Added +7 regression tests so a future refactor can't silently reintroduce a
starts_with sibling bug or a check-before-canonicalize symlink hole.
ABI decoders hardened against hostile/garbage RPC responses (registry.rs).
Nine dynamic decoders read offset/length words from untrusted eth_call
responses then did unchecked arithmetic before slicing. In the release/wasm
profile (panic="abort", overflow-checks OFF — the deployed one) a hostile
word WRAPPED → silently sliced the wrong region → returned wrong owner /
metadata / persona / device / signaling bytes with no error (in dev it
panicked). devices_of also pre-allocated Vec::with_capacity(hostile_len)
(OOM). All derived indices now use checked_add/checked_mul + .get()
(behavior-preserving on valid input; hostile input → empty/None/Err). +9
hostile-input/edge-case tests.
CLI: create now protects the persisted identity key. It sets owner-only
perms (0600, unix) and adds *.localharness.key to .gitignore (created if
absent) so a raw private key written to the working directory can't be
world-readable or accidentally git commited. Surfaced by the on-chain
test-user fleet (vex-qa) dogfooding the platform — a closed feedback loop:
the fleet filed it on-chain, this fixes it. (+ a pure unit test for the
idempotent .gitignore check.)
Proxy: auth-token replay window cut 24h → 5 min. FRESHNESS_WINDOW_SECS
was 86400, so a captured address:timestamp:signature token was replayable for
a day.

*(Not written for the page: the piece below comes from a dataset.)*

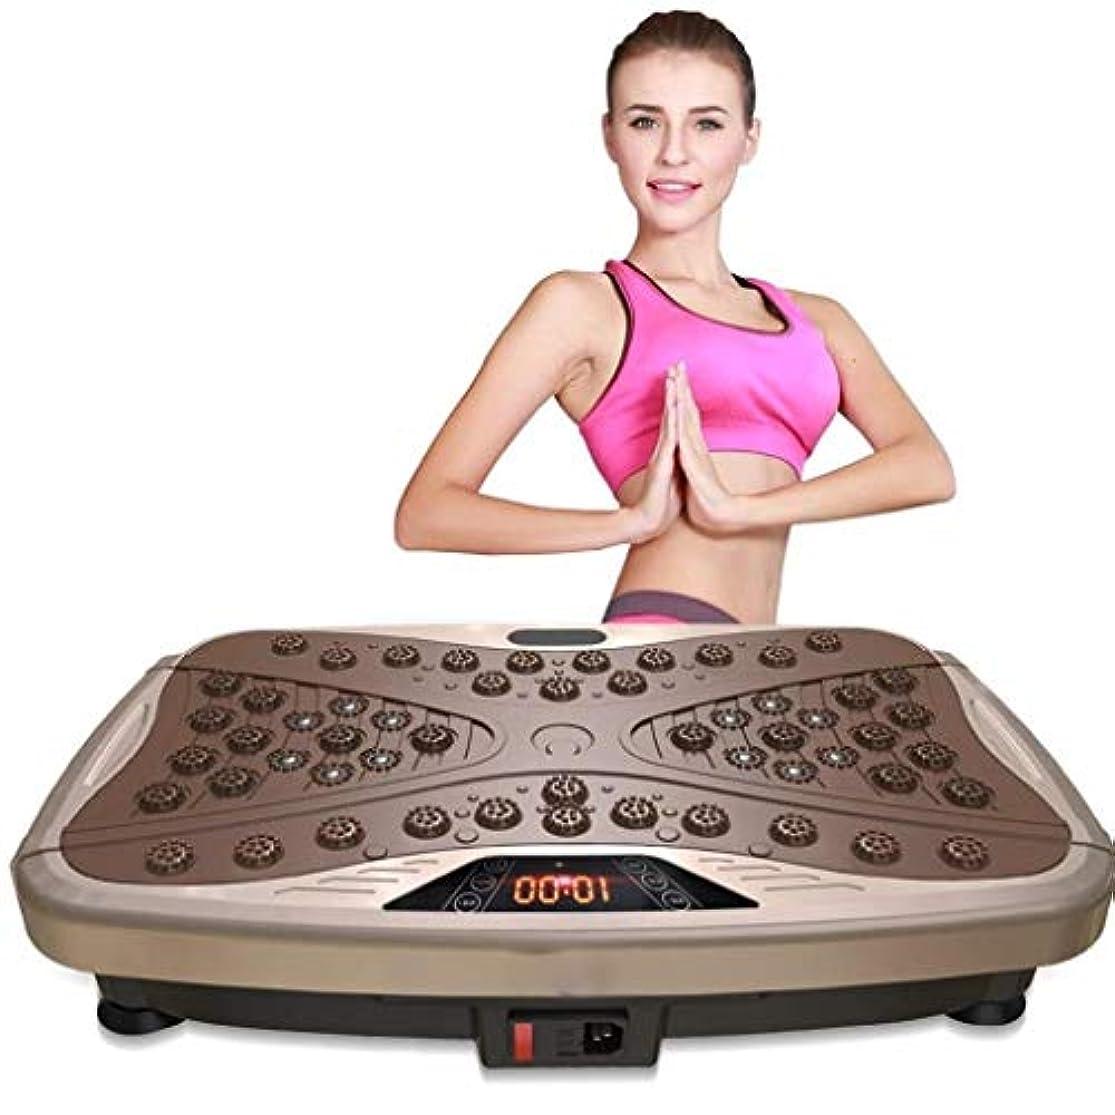 プラカードプレミア著名な減量マシン、ジム/ホームフィットネス全身振動トレーナー、ジムホームオフィスの振動で余分な脂肪を減らす

Clients sign per request, so 300s (ample clock-skew tolerance) closes the
window at no UX cost.
Proxy: request-body size cap (16 MB). An oversized declared Content-Length
is now rejected up front (413) so one caller can't make the edge function buffer
a multi-GB body. Generous enough for max-context LLM requests.
Browser: closed an open redirect via ?then=. The linked-device hand-off
interpolated the raw ?then= query param into the redirect URL, so
?then=evil.com%23 → https://evil.com#.localharness.xyz/ navigated off-domain.

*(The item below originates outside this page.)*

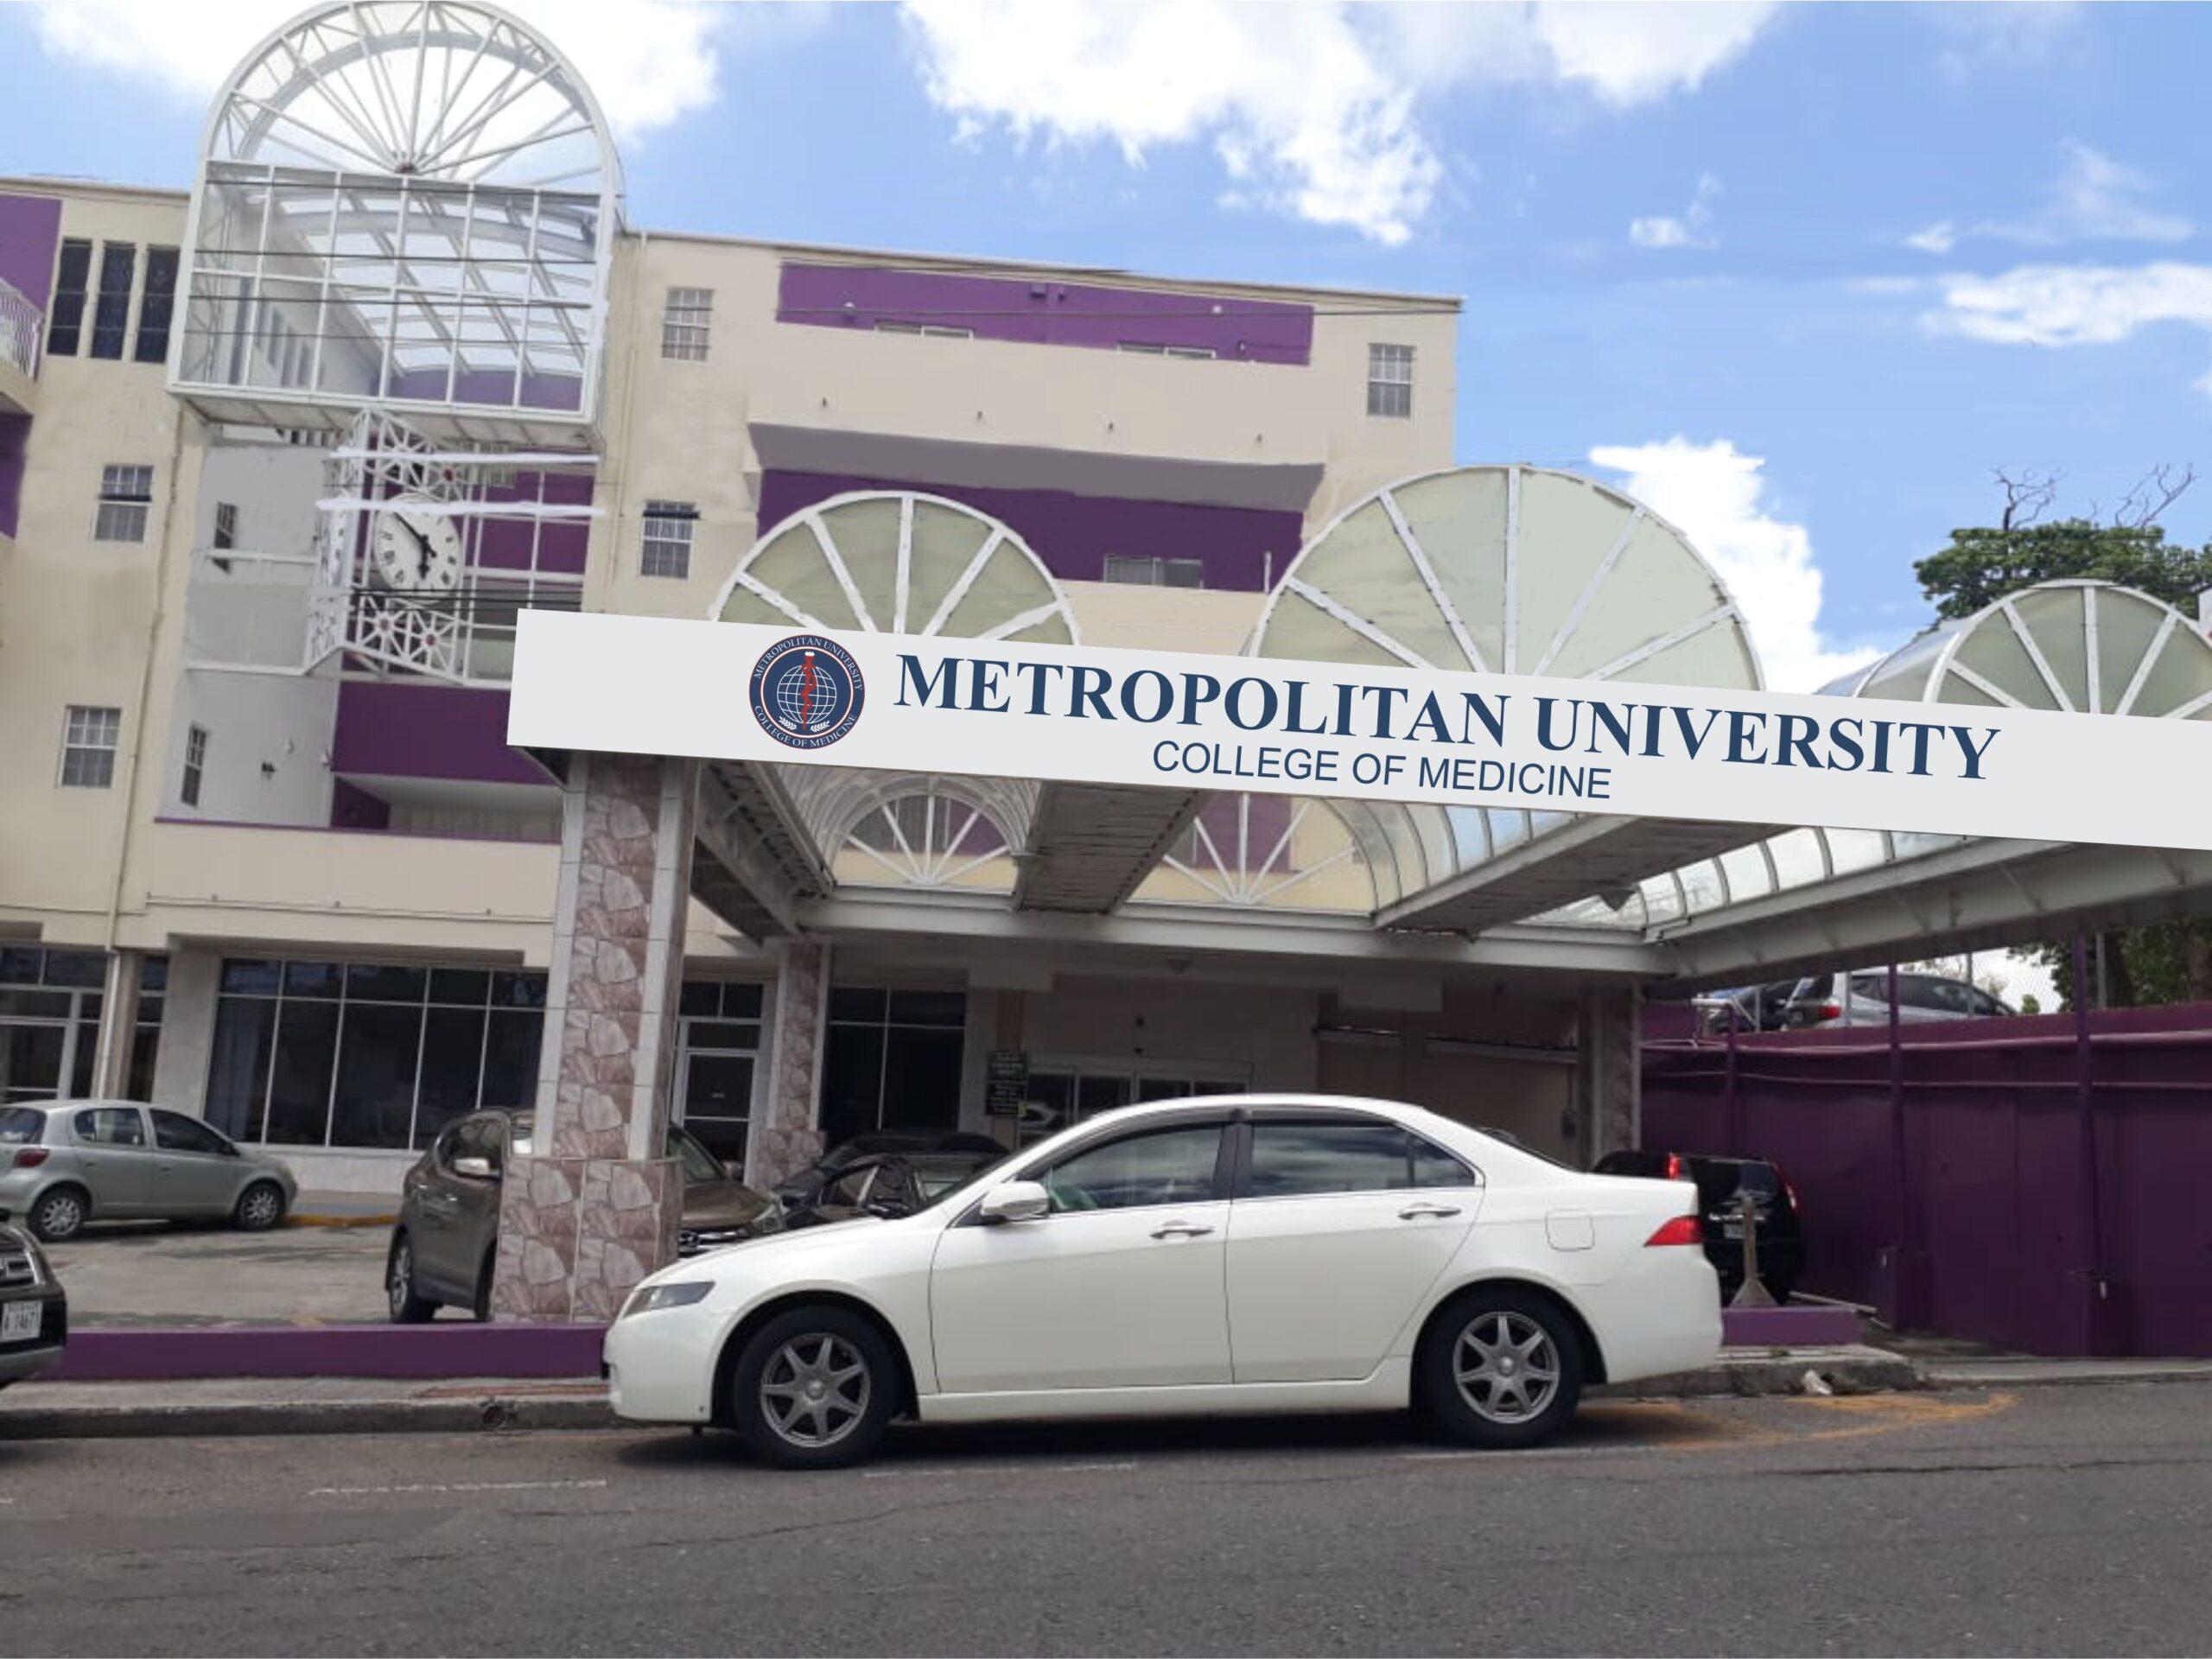 Metropolitan University College of Medicine annonce des bourses d'études allant jusqu'à 50%. ©DR

then is now validated as a bare DNS label (alphanumeric + hyphen, ≤63) first.
Contract (source; cut pending): ReleaseFacet MAIN guard reads storage
directly. It used a self-staticcall to mainOf that returns ok=false (not
a revert) if MainIdentityFacet were ever cut out — silently bypassing the
"can't release your MAIN" guard. Now reads LibMainIdentityStorage directly.

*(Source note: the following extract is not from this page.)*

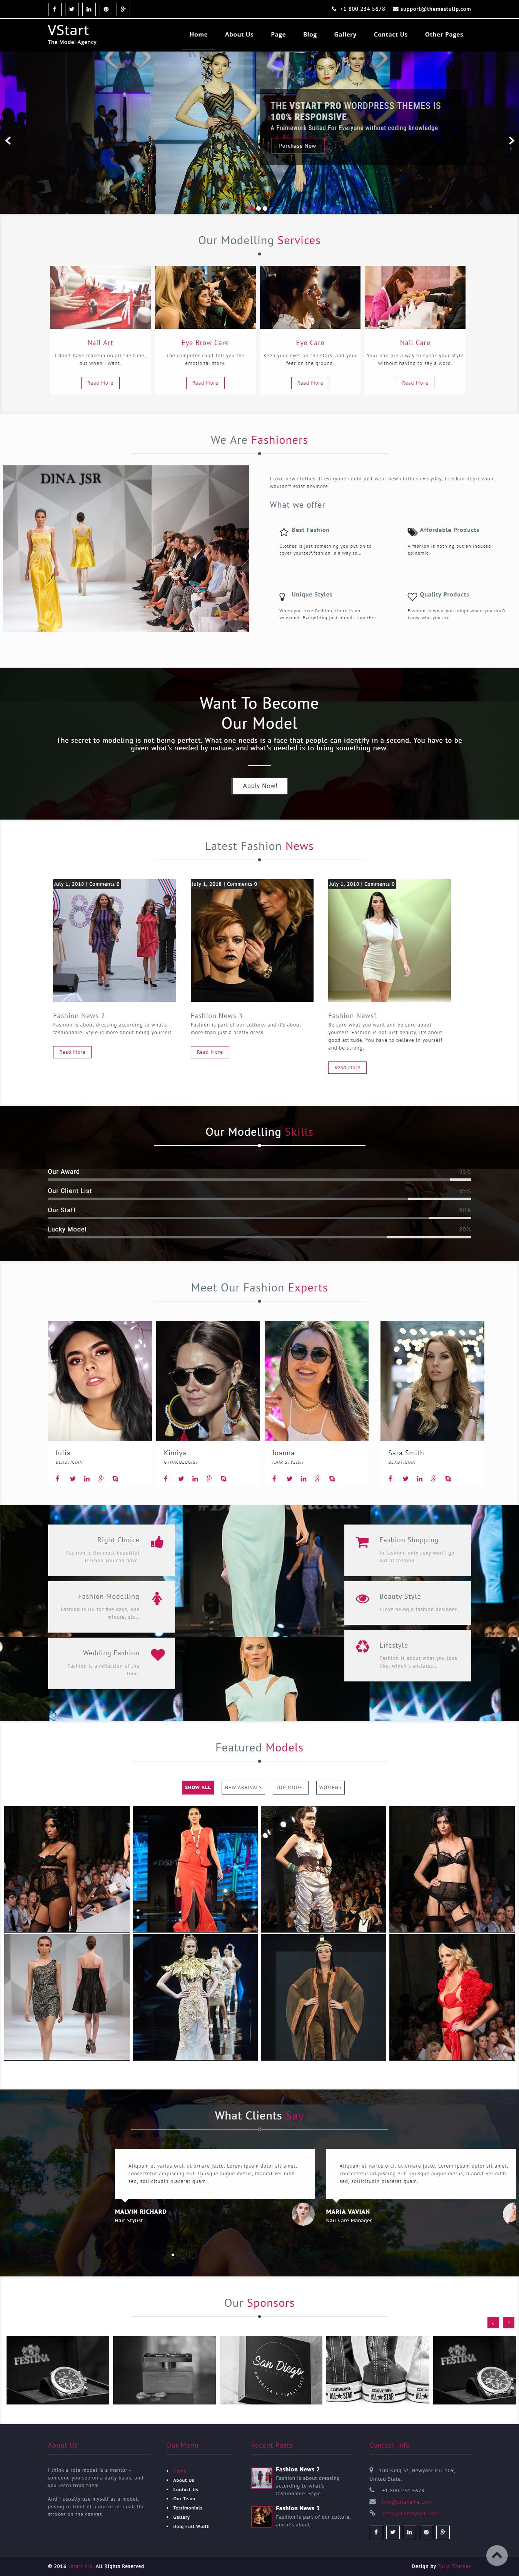 VStart - El mejor tema gratuito de WordPress de moda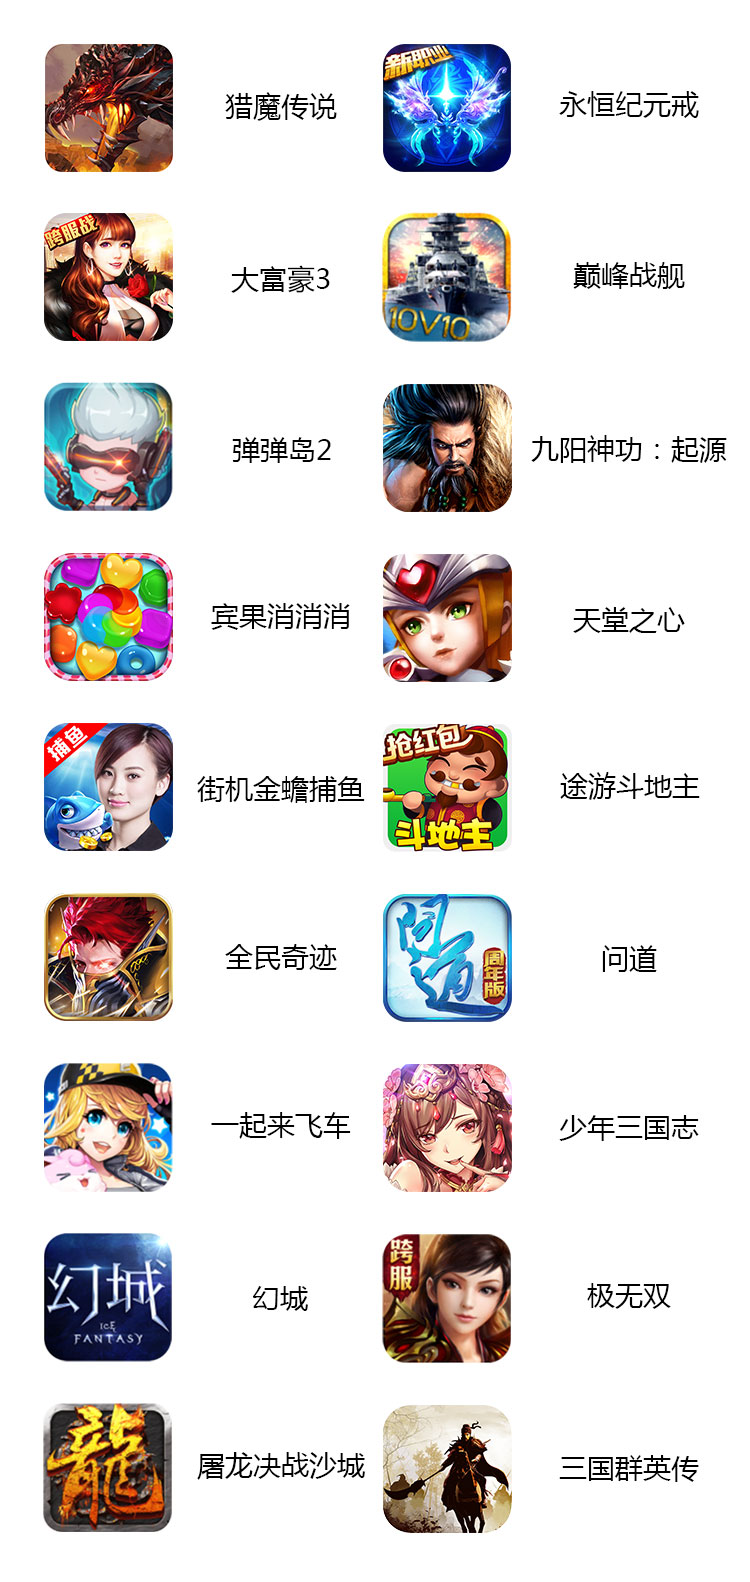 活动游戏列表.jpg

Source-only this pass; effective on the next diamondCut (low exploitability:
owner-misconfig + self-harm only).

Added

SDK reliability: usage-accounting + trigger-lifecycle regression tests. A
control-flow deep-dive verified the conversation usage accounting (cumulative
sums, last_turn resets each send, no per-step double-count — both backends
emit usage_metadata only on the terminal step), the trigger lifecycle
(double-start guard, stop() joins, callback error/panic isolation, Drop
aborts), and Agent::shutdown teardown order — no bug — and locked in +11
deterministic tests (240 lib total).
On-chain feedback garbage collection. The FeedbackFacet's append-only
Entry[] grew unbounded — every fleet run + probe appends an entry that costs
storage gas and lengthens feedbackRange forever (it had reached 46). Added an
owner-only clearFeedback() (cut into the live diamond via
script/AddFeedbackClear.s.sol) so on-chain feedback is a TRANSIENT inbox:
harvest/bridge off-chain (GitHub issues / harvest-feedback), then
scripts/clear-feedback.sh GCs the storage. The immutable FeedbackSubmitted
event log windows out naturally (100k-block cap), so localharness feedback
still shows recent notes after a clear. Verified live: storage 46 → 0, events
preserved.
CLI: publish is now one command — localharness publish <name> <src.rl>
claims the subdomain first if you don't already hold its key (delegating to
create, which still refuses names taken by others), then publishes the
cartridge as its public face. Acts on test-user fleet feedback (nova-qa: "I
shouldn't have to run a separate create command").
feedback → GitHub issues bridge (scripts/test-fleet/feedback-to-issues.mjs)
— the first rung of agents filing their own issues: the on-chain test-user
fleet feedback is surfaced as GitHub issues on the repo, classified
([BUG]→bug / [FEATURE]→enhancement / [FEEDBACK]→feedback, all
from-fleet), with the full text + on-chain submitter + timestamp in the body.
Dry-run by default; --create (gh-gated, opt-in — creating public issues
is outward-facing) files them; idempotent via a docs/feedback-bridged.txt
dedup ledger keyed on <timestamp>:<sender>. Backed by a new machine-readable
localharness feedback --json (+ unit test).
Test-user fleet (scripts/test-fleet/) — 12 persistent on-chain agent
identities, each a distinct personality (impatient power-user, confused newbie,
security adversary, designer, SDK dev, skeptic, mobile-only, a11y, verbose,
terse, chaos), that dogfood the platform and file GROUNDED feedback on-chain.
run-fleet.sh drives each persona: create → probe a live agent → reflect
in-persona on the REAL experience → submit one [BUG]/[FEATURE]/[FEEDBACK]
item (FeedbackFacet); read it back via harvest-feedback. Reuses the existing
CLI — no new server. Validated live: a 3-persona sample landed real DX,
onboarding, and security feedback on-chain (e.g. "create writes a raw private
key to the cwd with no chmod/.gitignore").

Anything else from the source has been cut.